**What this task involves:** Only the lines from the start of the entries up to and including the line with "Photo of Wie" should be written out, exactly as they stand.

Segment Start: Given information

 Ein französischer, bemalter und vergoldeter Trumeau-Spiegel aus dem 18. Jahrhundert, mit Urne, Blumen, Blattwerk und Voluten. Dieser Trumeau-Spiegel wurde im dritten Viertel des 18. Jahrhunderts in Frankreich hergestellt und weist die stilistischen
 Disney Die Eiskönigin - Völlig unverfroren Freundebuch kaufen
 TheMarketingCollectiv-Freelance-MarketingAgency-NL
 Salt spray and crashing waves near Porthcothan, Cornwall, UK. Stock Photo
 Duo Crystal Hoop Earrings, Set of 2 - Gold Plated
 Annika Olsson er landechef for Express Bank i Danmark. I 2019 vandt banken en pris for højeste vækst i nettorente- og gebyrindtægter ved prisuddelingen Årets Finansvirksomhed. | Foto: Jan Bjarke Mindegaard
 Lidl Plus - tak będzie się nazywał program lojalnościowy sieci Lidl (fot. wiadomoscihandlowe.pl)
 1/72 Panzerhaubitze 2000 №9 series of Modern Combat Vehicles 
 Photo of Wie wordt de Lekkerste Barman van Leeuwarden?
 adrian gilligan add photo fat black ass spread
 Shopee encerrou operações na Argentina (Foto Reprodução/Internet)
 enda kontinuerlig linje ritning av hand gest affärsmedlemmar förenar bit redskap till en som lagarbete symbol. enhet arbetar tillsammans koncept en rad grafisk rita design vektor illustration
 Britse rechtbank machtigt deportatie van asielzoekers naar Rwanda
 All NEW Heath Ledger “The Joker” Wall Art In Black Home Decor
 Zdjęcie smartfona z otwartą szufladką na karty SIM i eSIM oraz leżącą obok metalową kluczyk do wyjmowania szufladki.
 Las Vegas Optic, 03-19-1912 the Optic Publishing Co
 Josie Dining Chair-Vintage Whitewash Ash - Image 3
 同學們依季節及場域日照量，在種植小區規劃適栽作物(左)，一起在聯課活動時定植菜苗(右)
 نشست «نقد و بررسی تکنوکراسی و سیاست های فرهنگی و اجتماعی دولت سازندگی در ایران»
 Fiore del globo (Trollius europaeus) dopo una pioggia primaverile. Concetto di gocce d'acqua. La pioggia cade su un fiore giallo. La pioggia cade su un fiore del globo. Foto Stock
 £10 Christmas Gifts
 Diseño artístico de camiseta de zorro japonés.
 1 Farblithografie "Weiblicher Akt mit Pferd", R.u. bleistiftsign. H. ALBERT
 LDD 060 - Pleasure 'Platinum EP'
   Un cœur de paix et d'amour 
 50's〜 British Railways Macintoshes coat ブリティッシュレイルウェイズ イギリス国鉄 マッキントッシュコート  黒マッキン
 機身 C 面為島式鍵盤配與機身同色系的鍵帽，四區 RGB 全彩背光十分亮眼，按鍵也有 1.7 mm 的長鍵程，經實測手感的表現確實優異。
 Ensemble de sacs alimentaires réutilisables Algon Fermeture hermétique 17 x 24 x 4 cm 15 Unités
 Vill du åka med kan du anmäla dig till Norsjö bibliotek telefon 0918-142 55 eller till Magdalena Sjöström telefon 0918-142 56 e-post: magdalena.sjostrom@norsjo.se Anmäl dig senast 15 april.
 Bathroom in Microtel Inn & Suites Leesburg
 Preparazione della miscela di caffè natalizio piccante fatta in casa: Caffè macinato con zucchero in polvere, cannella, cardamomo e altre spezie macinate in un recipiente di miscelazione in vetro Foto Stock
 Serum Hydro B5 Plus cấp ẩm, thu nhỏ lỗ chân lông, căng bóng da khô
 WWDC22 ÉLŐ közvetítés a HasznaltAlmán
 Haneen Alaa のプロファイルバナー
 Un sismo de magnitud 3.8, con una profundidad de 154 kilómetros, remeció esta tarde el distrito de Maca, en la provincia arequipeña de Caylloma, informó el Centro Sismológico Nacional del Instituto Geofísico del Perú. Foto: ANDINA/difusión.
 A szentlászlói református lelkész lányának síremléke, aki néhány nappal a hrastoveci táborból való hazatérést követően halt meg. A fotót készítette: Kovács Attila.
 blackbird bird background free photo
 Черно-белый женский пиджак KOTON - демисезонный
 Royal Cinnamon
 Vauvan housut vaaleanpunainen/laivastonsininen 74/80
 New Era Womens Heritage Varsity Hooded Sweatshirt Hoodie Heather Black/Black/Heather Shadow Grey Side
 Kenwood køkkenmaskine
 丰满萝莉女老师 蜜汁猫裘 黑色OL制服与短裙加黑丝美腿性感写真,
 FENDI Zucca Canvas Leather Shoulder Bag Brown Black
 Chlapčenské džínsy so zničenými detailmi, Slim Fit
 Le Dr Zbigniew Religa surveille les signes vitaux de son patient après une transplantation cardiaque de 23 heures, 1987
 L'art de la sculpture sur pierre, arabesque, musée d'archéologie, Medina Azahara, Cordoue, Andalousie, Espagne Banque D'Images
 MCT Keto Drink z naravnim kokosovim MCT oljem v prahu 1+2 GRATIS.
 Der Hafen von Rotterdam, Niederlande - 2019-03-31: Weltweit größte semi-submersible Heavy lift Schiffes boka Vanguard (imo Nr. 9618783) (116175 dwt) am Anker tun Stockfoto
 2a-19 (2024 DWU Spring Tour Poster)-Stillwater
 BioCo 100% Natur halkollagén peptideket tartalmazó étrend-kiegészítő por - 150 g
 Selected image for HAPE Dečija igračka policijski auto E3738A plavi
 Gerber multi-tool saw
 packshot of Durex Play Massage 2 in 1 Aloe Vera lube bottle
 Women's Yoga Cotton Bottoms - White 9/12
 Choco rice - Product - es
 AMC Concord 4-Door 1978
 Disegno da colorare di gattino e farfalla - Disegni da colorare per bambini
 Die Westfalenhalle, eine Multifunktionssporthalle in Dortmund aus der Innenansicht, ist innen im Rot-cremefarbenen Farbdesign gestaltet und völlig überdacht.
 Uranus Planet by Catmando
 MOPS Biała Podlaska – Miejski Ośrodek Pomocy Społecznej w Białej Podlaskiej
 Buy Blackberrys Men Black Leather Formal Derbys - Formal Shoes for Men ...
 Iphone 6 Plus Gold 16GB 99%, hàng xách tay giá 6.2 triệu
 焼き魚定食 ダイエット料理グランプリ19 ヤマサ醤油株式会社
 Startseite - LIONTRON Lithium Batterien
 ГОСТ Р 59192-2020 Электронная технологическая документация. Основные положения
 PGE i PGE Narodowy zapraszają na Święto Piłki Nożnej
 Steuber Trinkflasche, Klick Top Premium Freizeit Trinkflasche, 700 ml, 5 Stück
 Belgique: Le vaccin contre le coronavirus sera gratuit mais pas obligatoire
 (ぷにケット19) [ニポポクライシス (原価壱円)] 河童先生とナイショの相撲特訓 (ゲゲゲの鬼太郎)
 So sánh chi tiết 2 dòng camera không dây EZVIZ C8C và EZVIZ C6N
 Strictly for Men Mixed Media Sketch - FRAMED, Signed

Segment End: Given information

**Result:**
 Ein französischer, bemalter und vergoldeter Trumeau-Spiegel aus dem 18. Jahrhundert, mit Urne, Blumen, Blattwerk und Voluten. Dieser Trumeau-Spiegel wurde im dritten Viertel des 18. Jahrhunderts in Frankreich hergestellt und weist die stilistischen
 Disney Die Eiskönigin - Völlig unverfroren Freundebuch kaufen
 TheMarketingCollectiv-Freelance-MarketingAgency-NL
 Salt spray and crashing waves near Porthcothan, Cornwall, UK. Stock Photo
 Duo Crystal Hoop Earrings, Set of 2 - Gold Plated
 Annika Olsson er landechef for Express Bank i Danmark. I 2019 vandt banken en pris for højeste vækst i nettorente- og gebyrindtægter ved prisuddelingen Årets Finansvirksomhed. | Foto: Jan Bjarke Mindegaard
 Lidl Plus - tak będzie się nazywał program lojalnościowy sieci Lidl (fot. wiadomoscihandlowe.pl)
 1/72 Panzerhaubitze 2000 №9 series of Modern Combat Vehicles 
 Photo of Wie wordt de Lekkerste Barman van Leeuwarden?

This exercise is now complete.